(64e) Prediction of Organic Compound Aqueous Solubility Using Interpretable Machine Learning-a Comparison Study of Descriptor-Based and Topological Models

A reliable and practical determination of a chemical species’ solubility in water continues to be examined using empirical observations and exhaustive experimental studies alone. Predictions of chemical solubility in water using data-driven algorithms can allow us to create a rationally designed, efficient, and cost-effective tool for next-generation materials and chemical formulations. We present results from two machine learning (ML) modeling studies to adequately predict various species’ solubility using data for over 8,400 compounds. Molecular-descriptors, the most used method in previous studies, and Morgan fingerprint, a topological, circular-based hash of the molecules' structures, were applied to produce water solubility estimates. We trained all models on 80% of the total datasets using the Random Forest (RFs) technique as the regressor and tested the prediction performance using the remaining 20%, resulting in R 2 test values of 0.88 and 0.82 for the descriptors and circular fingerprint methods, respectively.

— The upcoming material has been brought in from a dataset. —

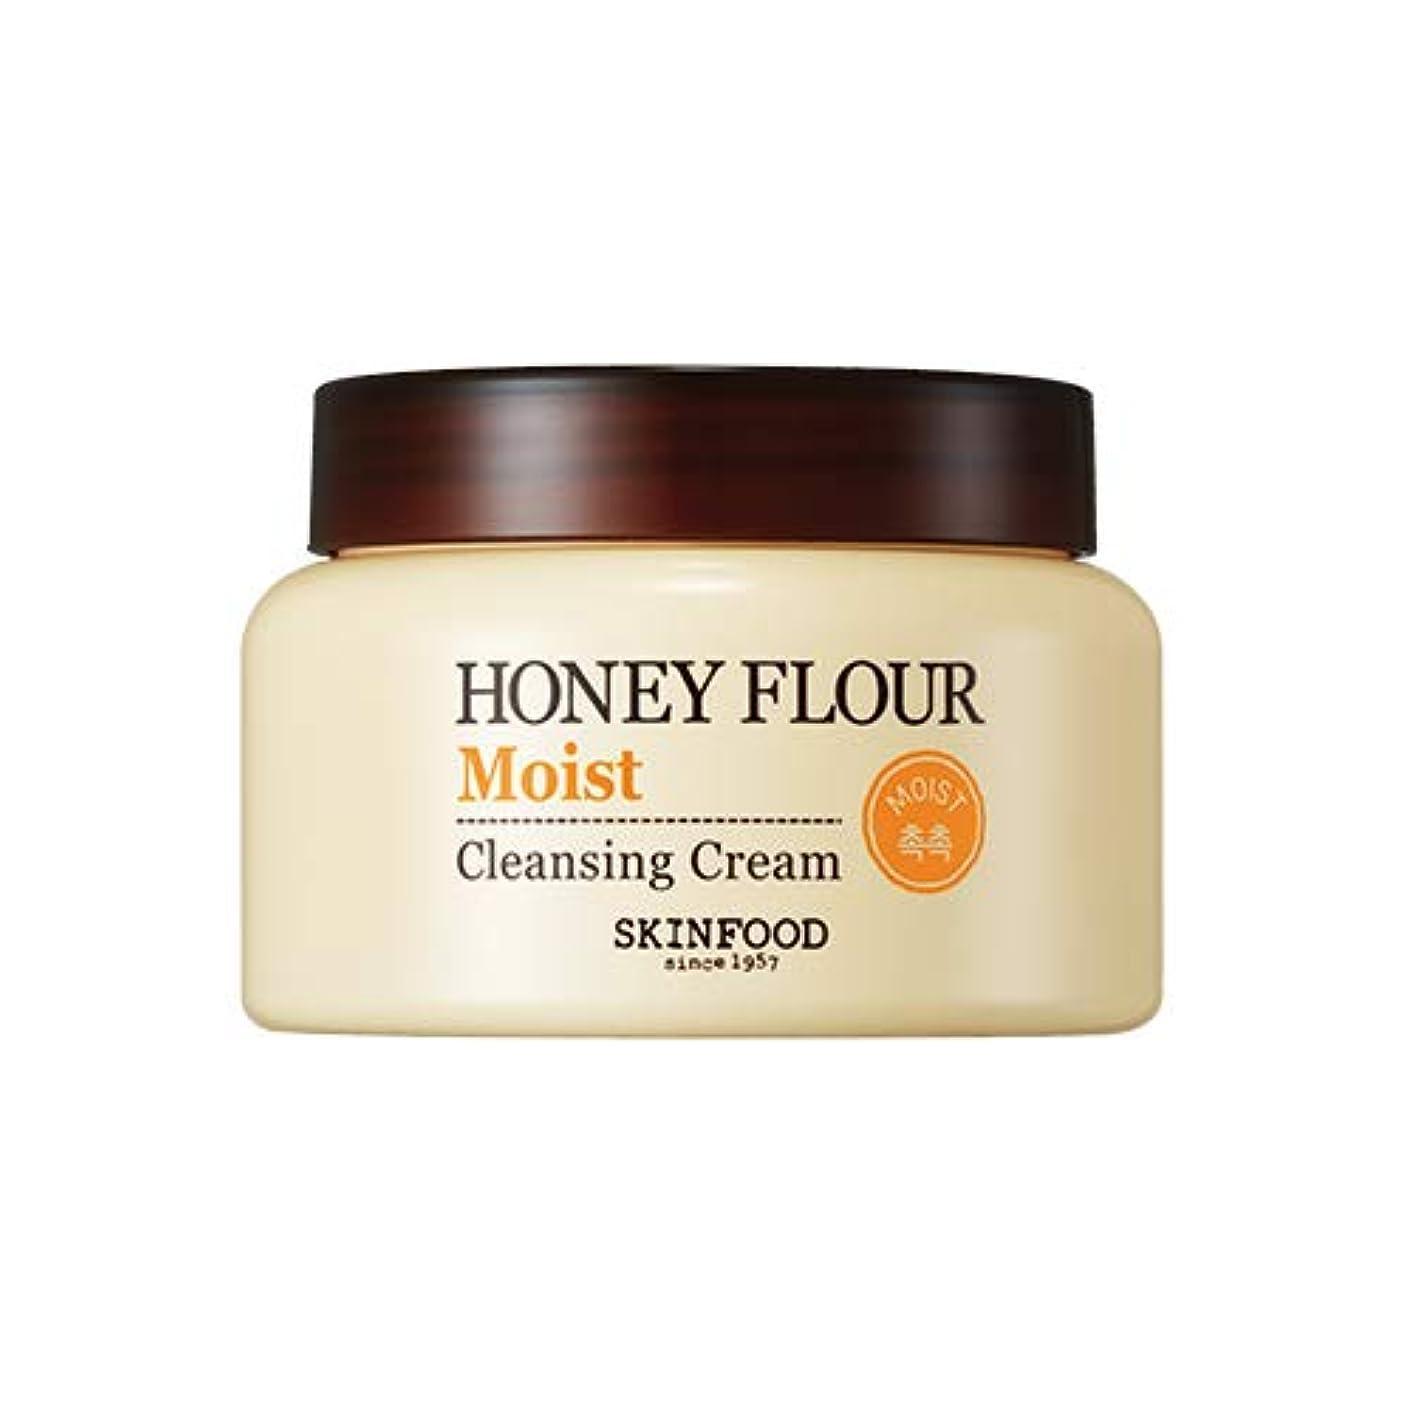 規範複雑な反論者Skinfood/Honey Flour Moist Cleansing Cream/ハニーフラワーモイストクレンジングクリーム/225ml [並行輸入品]

Our results were compared to a blind, low molecular database consists of 32 low organic molecules with the number of C atoms ranging from 1 to 12 with specified aqueous solubility experiments, revealing that using a fingerprint method has a lower average absolute calculation error (∼0.25 log units), which is comparable to other group contribution methods currently available. The average uncertainty in measured aqueous solubility for organic molecules represented ∼0.6 log units or higher, when the solubility values were gathered from various published sources. We also gained insight into how important features impact an ML's output using SHAP analysis and calculated Gibbs energies for these features to investigate their thermodynamic favorability. The fingerprint method can predict the aqueous solubility with low error, and its interpretability ability will distinguish it from the other currently available methods.